Regardless of whether it is a global palm oil company, an environmental organisation with headquarters in London or a family of farmers on the edge of a palm oil field: if one follows the logic of many eco-labels, all of these participants are stakeholders with a legitimate interest that must be heard and taken into account. With this conceptual trick, of turning everyone involved into stakeholders, the inalienable land rights of local farmers are suddenly negotiable: Rightholders are degraded to stakeholders.

4. Strong audit firms – weak controls

As a rule, certification initiatives such as the FSC do not carry out on-site inspections themselves, but hand over these tasks to professional certifiers. These are often global testing companies such as TÜV or the global industry leader SGS Group with over 90,000 employees and a turnover in the billions. In practice, this leads to the almost insurmountable task that an initiative like the FSC with only a few employees is supposed to monitor the global activities of large international auditing companies.

5. “Race to the bottom” – the level of auditing is steadily decreasing

The auditing companies are in competition with each other and are also paid directly by the companies. In practice, this leads to those auditors and audit firms prevailing who do not look very strictly and interpret the rules as laxly as possible in the interest of their clients. In the long run, there is a risk that the standards of an eco-label will be diluted further and further.

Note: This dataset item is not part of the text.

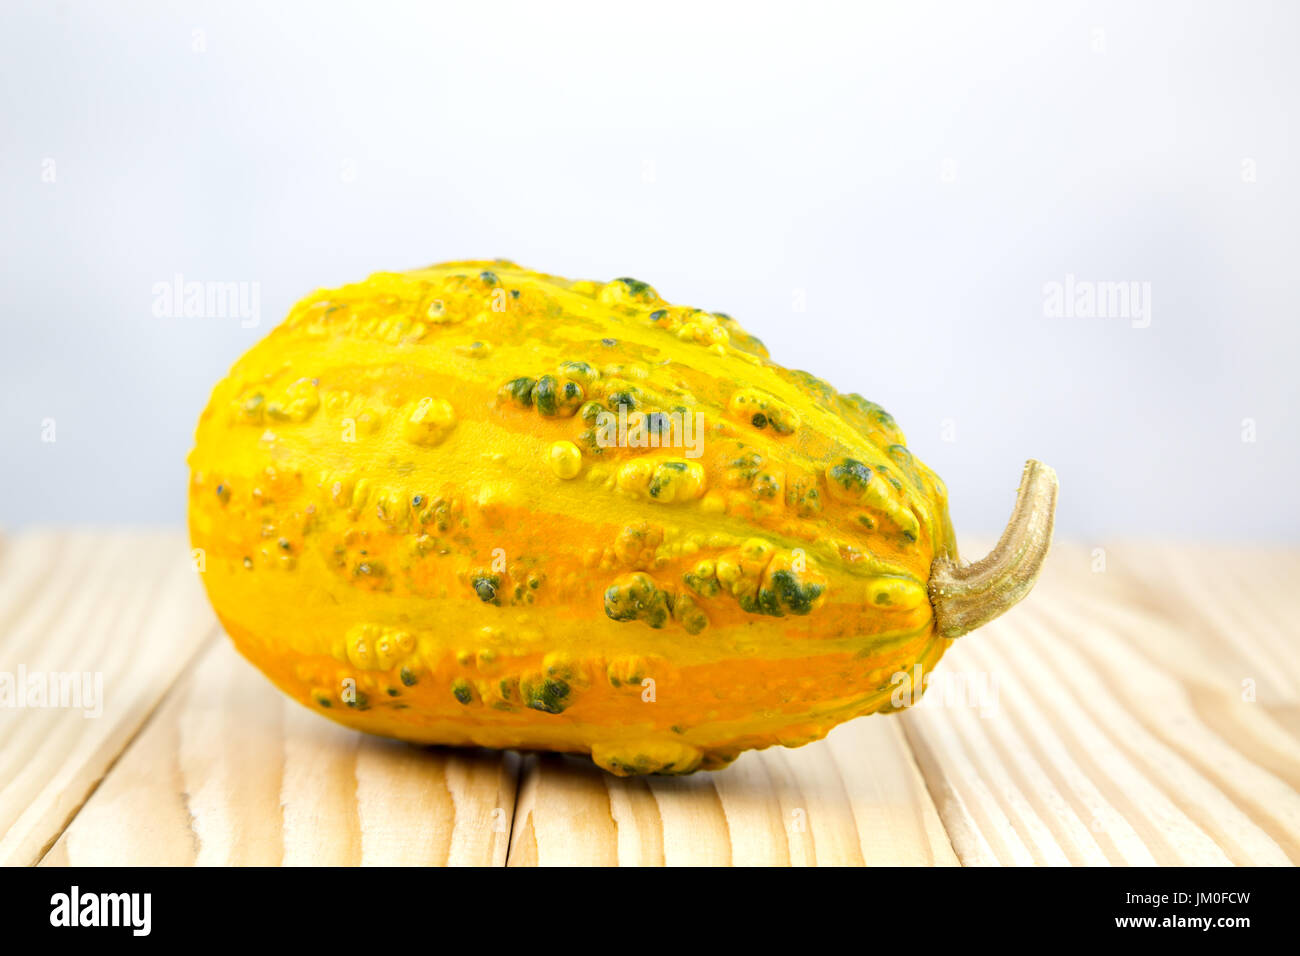 A single pumpkin (Delicata Squash) lies in front of a white background as a Cut-Outs Stock Photo

6. Only works satisfactorily under ideal conditions

The labels also have some successes to report. Even critical environmental groups would admit that, for example, ecological minimum standards for FSC certifications in Germany point in the right direction. However, one can almost speak of laboratory conditions here. Germany has an established democracy with separation of powers and criticism of forest management can be voiced without danger to life and limb. This means that the different interests can be taken into account, at least to a limited extent, when awarding the certificate.

But this is by no means the case everywhere. A large part of the biomass comes from the global South, often from countries with corrupt regimes and poorly functioning state structures. It is precisely here that eco-labels often fail to prevent overexploitation and human rights violations. In countries like Brazil, it can be life-threatening to criticise corporations or to demand one’s rights in a certification case. Moreover, local people are neither familiar with the concept of certification nor are they adequately informed about the possible consequences. In addition, in practice, sustainability certificates practically never adhere to the FPIC standards developed by the UN (Free, Prior and Informed Consent). Therefore, local communities should be fully informed before a possible certification and decide for themselves on this basis whether they agree or reject the process.

In many cases, sustainability certificates are green tranquillisers. They often do not address the irresponsibly high resource consumption of the wealthy and do not change the structural power relations that help global corporations to line their pockets at the expense of environmental destruction and human rights violations.